Task to complete
Leave the pictures out and write out the rest of the listing word for word.

Given data

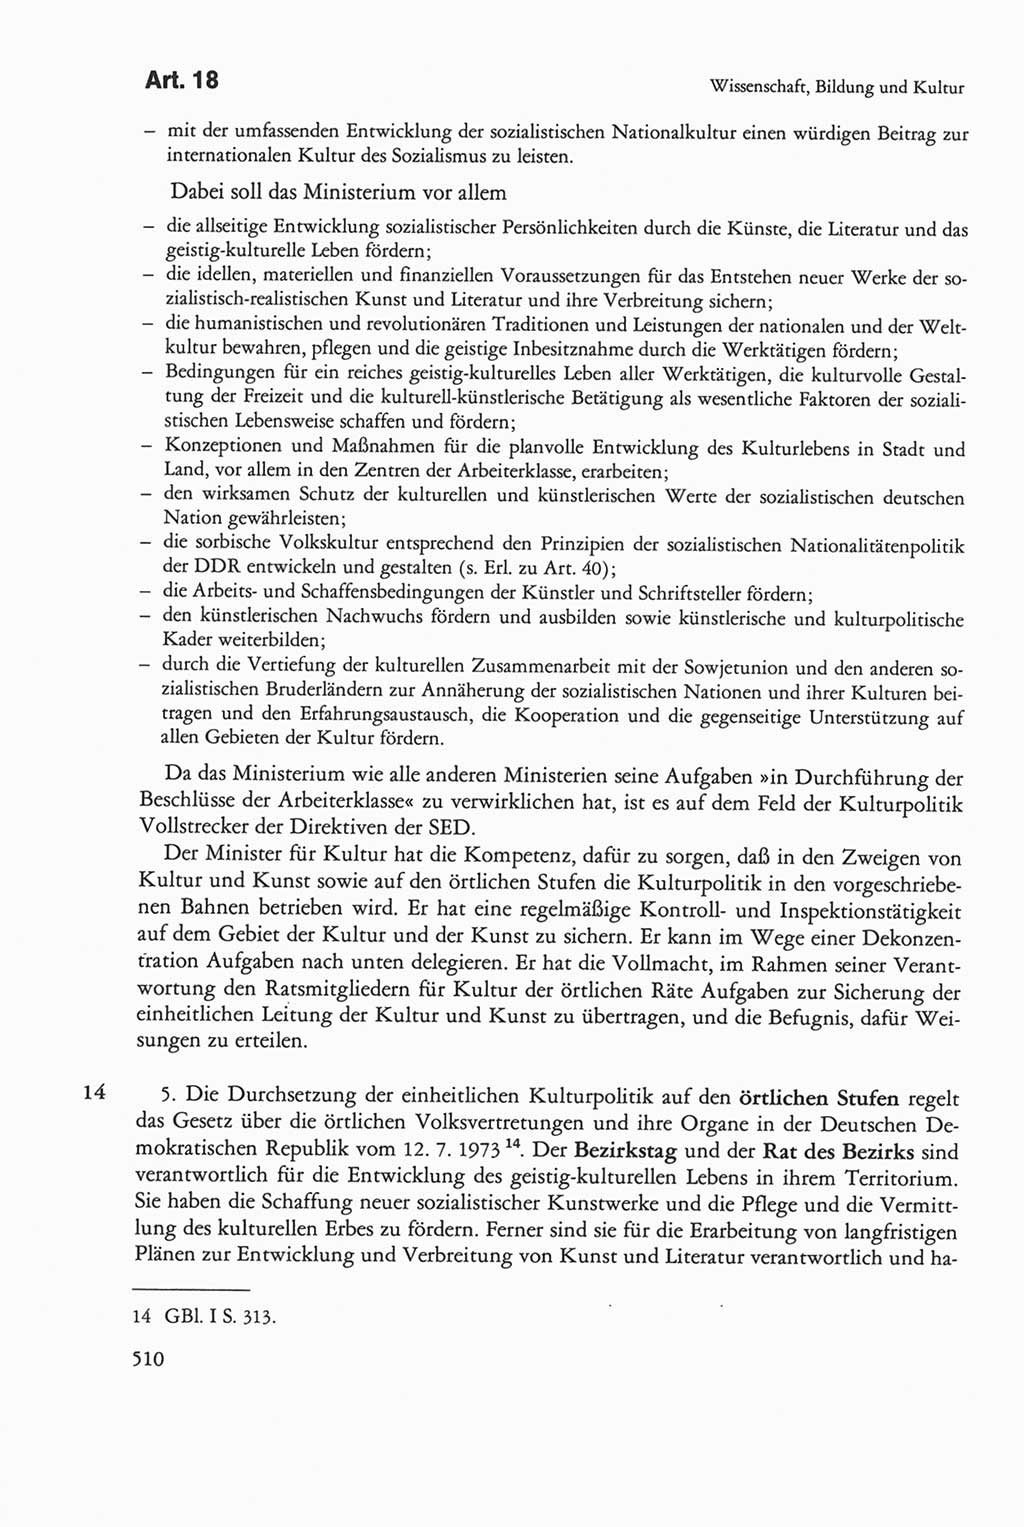 Die sozialistische Verfassung der Deutschen Demokratischen Republik (DDR), Kommentar 1982, Seite 510 (Soz. Verf. DDR Komm. 1982, S. 510)
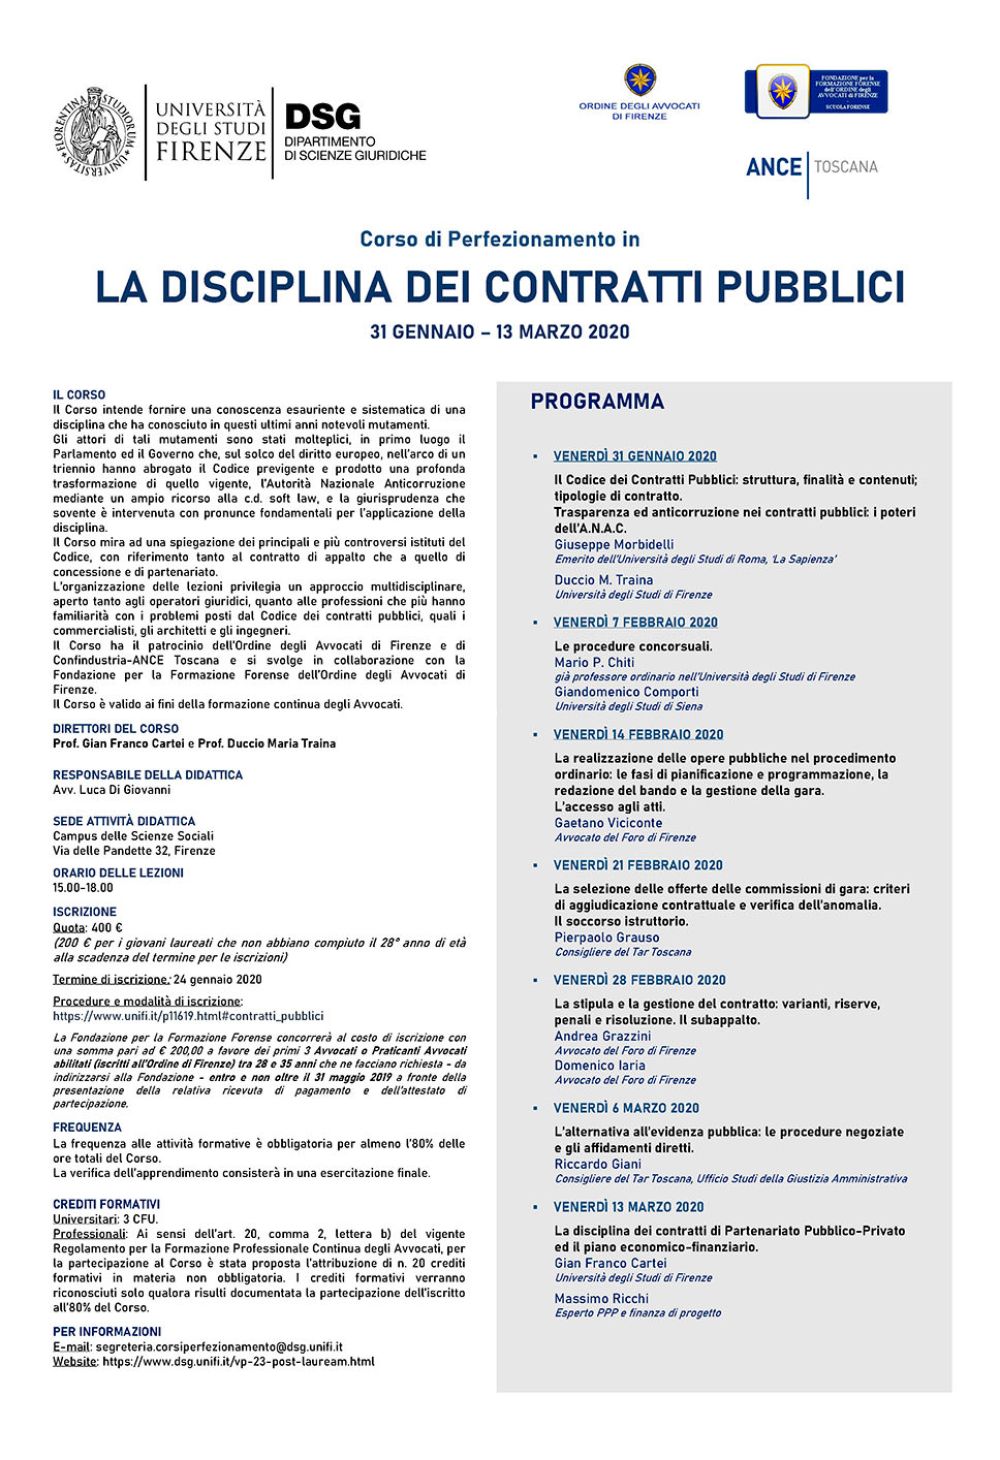 Locandina-contratti-pubblici-2020
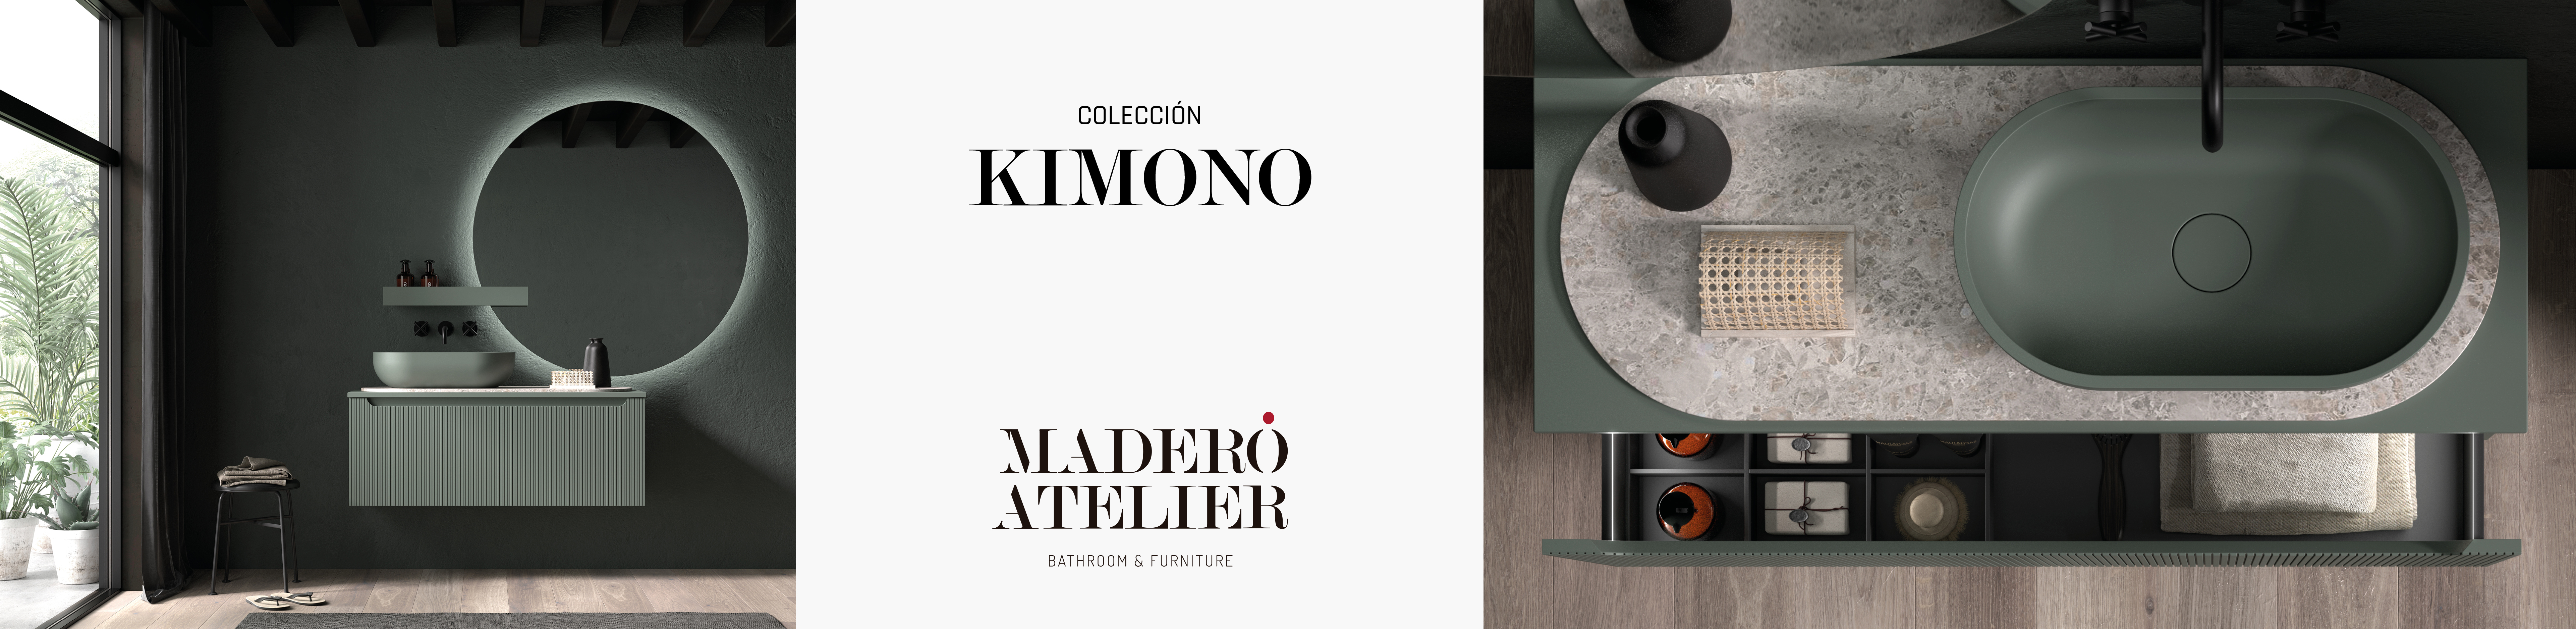 Mueble auxiliar baño abierto Kimono de Maderó Atelier estilo Vintage

Answer
 Die sozialistische Verfassung der Deutschen Demokratischen Republik (DDR), Kommentar 1982, Seite 510 (Soz. Verf. DDR Komm. 1982, S. 510)
 Locandina-contratti-pubblici-2020
 Mueble auxiliar baño abierto Kimono de Maderó Atelier estilo Vintage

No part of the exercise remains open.